■ **DIRECTIONS**
Your answer should be only the lines below from the one with "From left: Kevin" to the one with "The Dream Hotel", repeated exactly, ends included.

■ **DATA EXTRACT**
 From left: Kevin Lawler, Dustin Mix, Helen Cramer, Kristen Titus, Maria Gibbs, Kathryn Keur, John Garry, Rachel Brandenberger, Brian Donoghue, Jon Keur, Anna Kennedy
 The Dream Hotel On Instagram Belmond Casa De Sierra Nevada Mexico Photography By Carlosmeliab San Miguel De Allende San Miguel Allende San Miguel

==

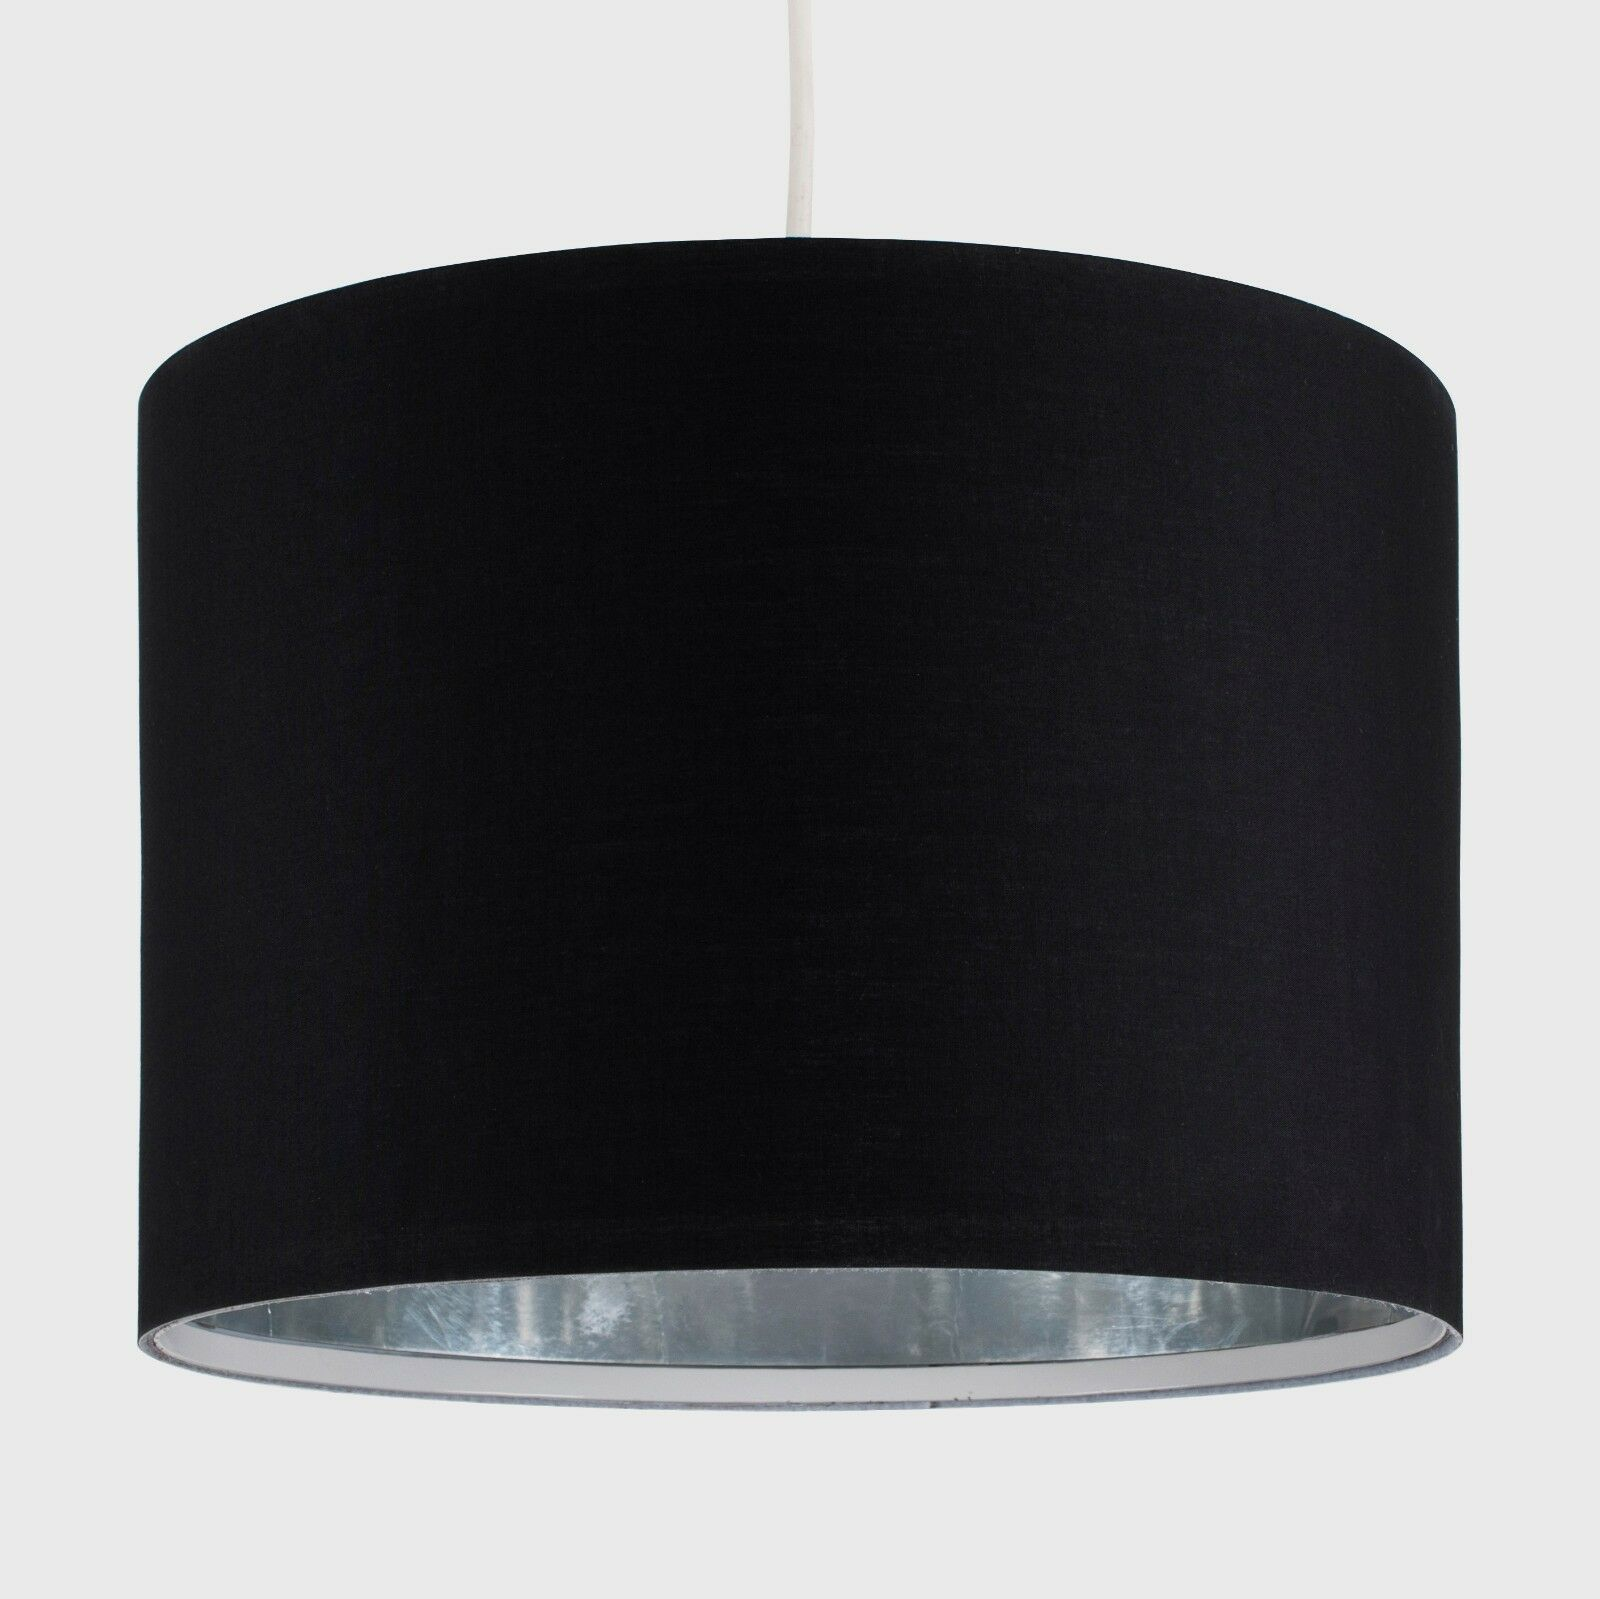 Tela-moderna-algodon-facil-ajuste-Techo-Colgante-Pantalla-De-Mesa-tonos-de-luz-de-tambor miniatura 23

---

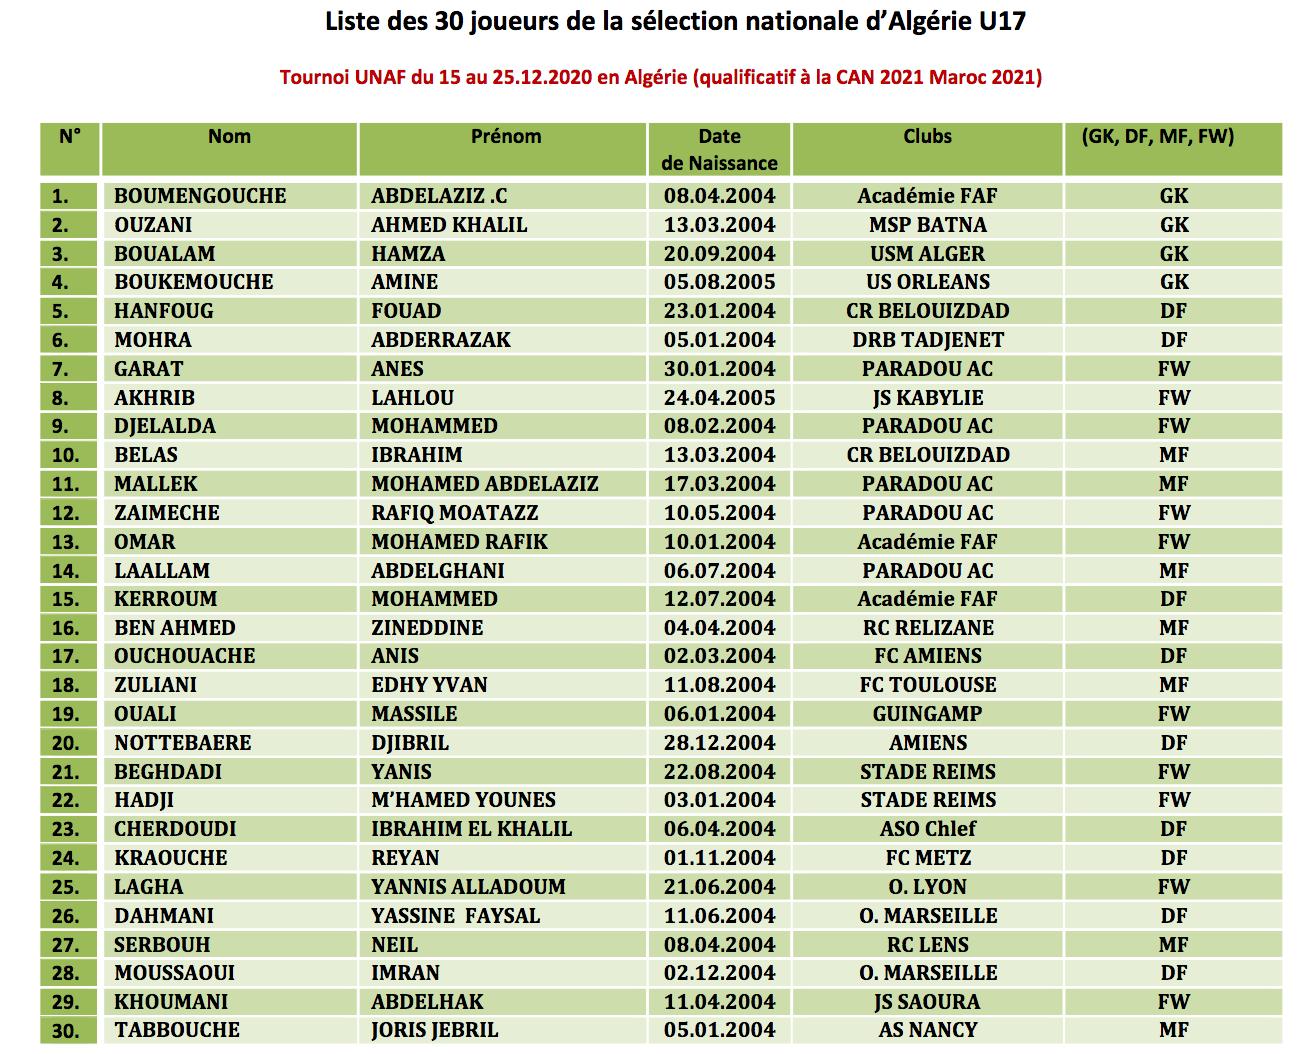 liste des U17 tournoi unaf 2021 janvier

■ **WRITTEN SOLUTION**
 From left: Kevin Lawler, Dustin Mix, Helen Cramer, Kristen Titus, Maria Gibbs, Kathryn Keur, John Garry, Rachel Brandenberger, Brian Donoghue, Jon Keur, Anna Kennedy
 The Dream Hotel On Instagram Belmond Casa De Sierra Nevada Mexico Photography By Carlosmeliab San Miguel De Allende San Miguel Allende San Miguel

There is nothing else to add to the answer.